4.2. Het hof acht verder van belang dat de stelling van [appellant] dat beide nota’s zijn betaald wordt ondersteund door de “vinkjes” die op elke bladzijde van de door [appellant] overgelegde doorslag voorkomen. Dat [X] heeft verklaard dat zij de vinkjes niet kent, doet daaraan niet af. Het hof houdt het ervoor dat de vinkjes ook op de blauwe doorslag van Wittebrug staan, welke blauwe doordruk – in elk geval voor wat betreft het deel dat ziet op de factuur ad € 1.444,41 – kennelijk door Wittebrug is weggegooid dan wel bij haar in het ongerede is geraakt. Als juist zou zijn de verklaring van [X] dat zij dacht dat het maar om één factuur ging, zou overigens redelijkerwijs te verwachten zijn geweest dat de gehele blauwe doordruk ten behoeve van de administratie in de la zou zijn gestopt en is niet goed verklaarbaar waarom het formulier dan kennelijk toch gescheiden is en uitsluitend de doorslag van de factuur van € 389,74 is bewaard.
4.3. Tot slot doet aan het voorgaande niet af dat de overgelegde kasstaat noch de factuur van € 1.444,41 noch de contante betaling daarvan vermeldt. Het is goed mogelijk dat de betaling niet is aangeslagen en/of geregistreerd en dat het geld en de blauwe doordruk van de bewuste factuur in het ongerede zijn geraakt.
5. Grief 3 behoeft gelet op het voorgaande geen verdere bespreking meer. Het bestreden vonnis zal worden vernietigd en opnieuw rechtdoende zal het hof de vorderingen van Wittebrug alsnog afwijzen.
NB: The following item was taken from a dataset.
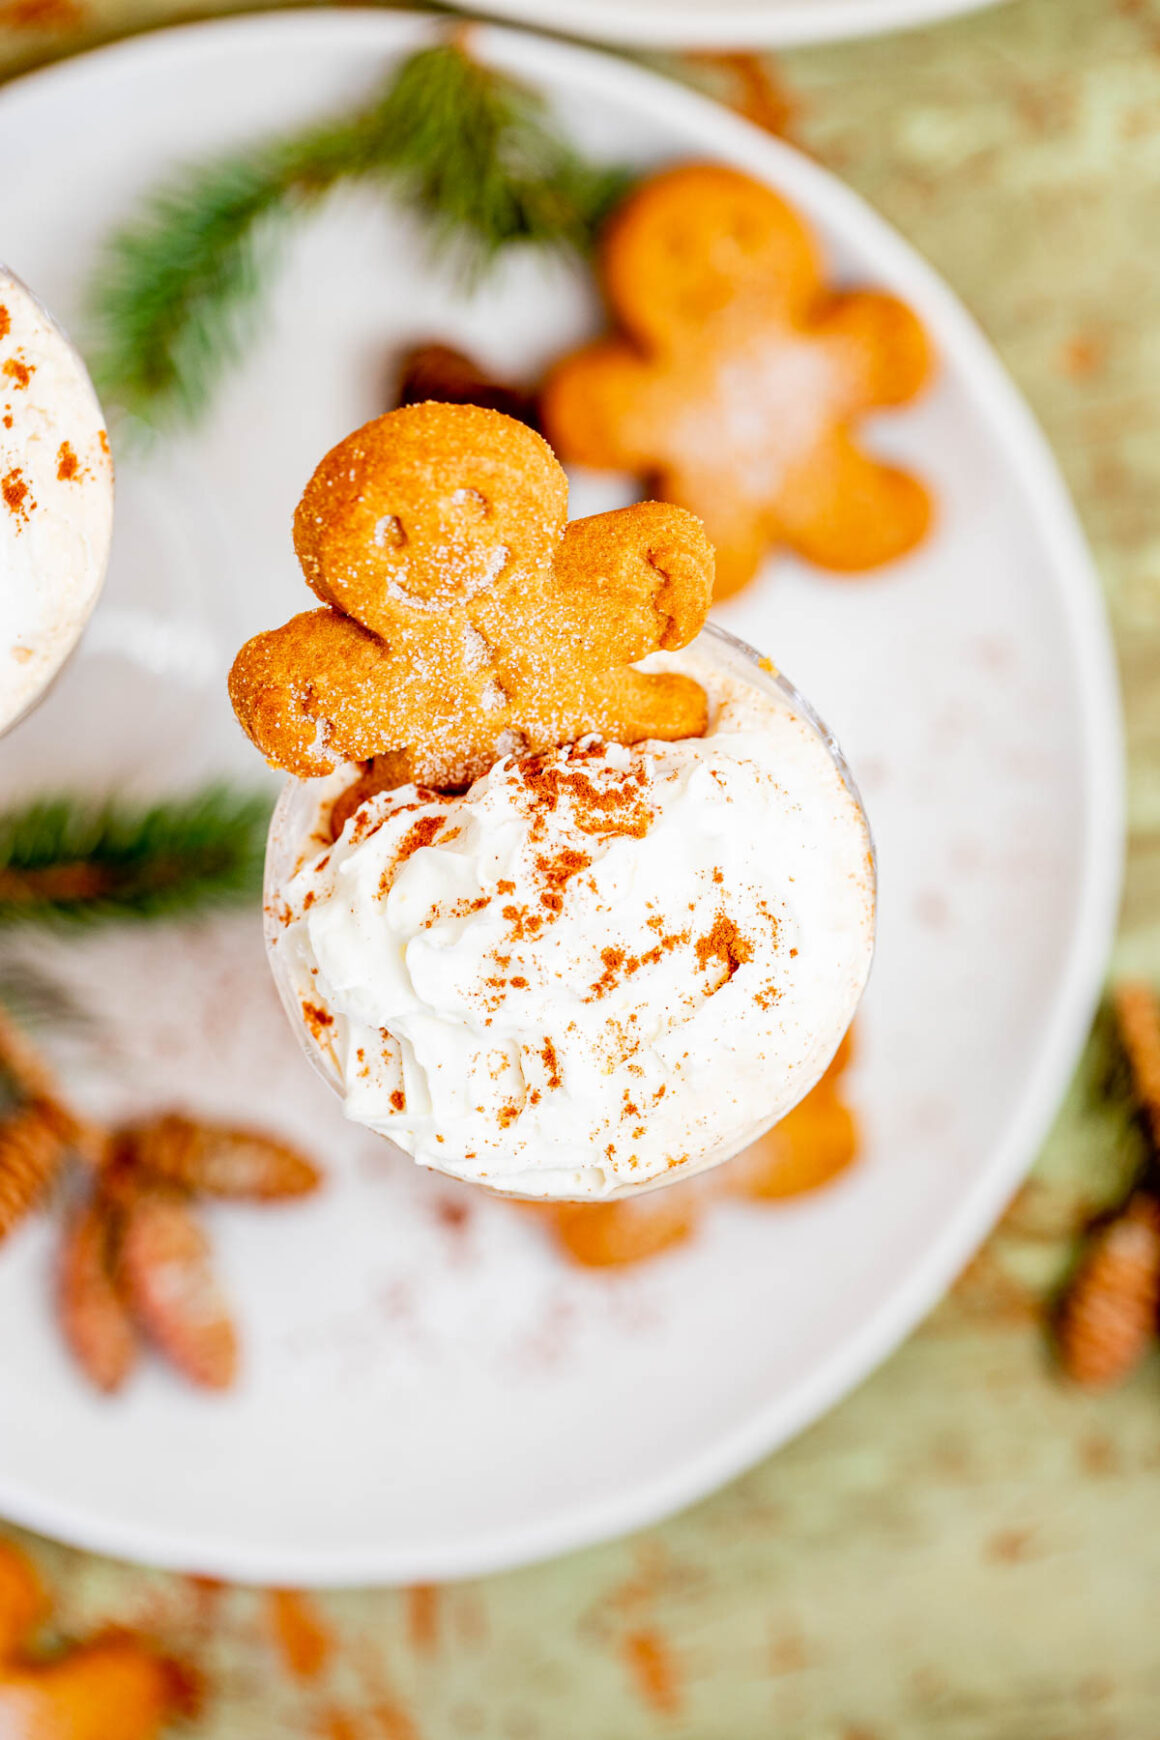 Gingerbread fills the air and the flavor of the holidays dances on your palate.

Bij deze uitkomst pas een kostenveroordeling ten laste van Wittebrug in beide instanties.
- vernietigt het bestreden vonnis van 10 maart 2010;
- wijst de vorderingen van Wittebrug af;
- veroordeelt Wittebrug in de kosten van het geding in eerste aanleg, tot aan 10 maart 2010 in eerste aanleg aan de zijde van [appellant] begroot op € 600,- wegens salaris van de gemachtigde;
- veroordeelt Wittebrug tevens in de kosten van het geding in hoger beroep, tot op heden aan de zijde van [appellant] begroot op € 261,- aan verschotten en € 632,- aan salaris advocaat en veroordeelt Wittebrug dus om te voldoen
a. aan de griffier van het hof:
€ 195,25 voor in debet gesteld griffierecht;
€ 632,- voor salaris van de advocaat van [appellant],
totaal derhalve € 827,25, met bepaling dat de griffier van de rechtbank met dit bedrag zal dienen te handelen overeenkomstig het bepaalde in artikel 243 van het Wetboek van Burgerlijke Rechtsvordering;
€ 65,75 voor niet in debet gesteld griffierecht;
- bepaalt dat het aan de griffier van het hof verschuldigde bedrag bijgeschreven dient te zijn op bankrekeningnummer [rekeningnummer] ten name van Ministerie van Justitie Arrondissement Den Haag 537, zulks onder vermelding van de namen van partijen en het zaaknummer, en bepaalt dat dit bedrag uiterlijk twee weken na heden moet zijn voldaan.
Dit arrest is gewezen door mrs. M.A.F. Tan-de Sonnaville, G. Dulek-Schermers en E.M.
Dousma-Valk en is uitgesproken ter openbare terechtzitting van 17 mei 2011 in aanwezigheid van de griffier.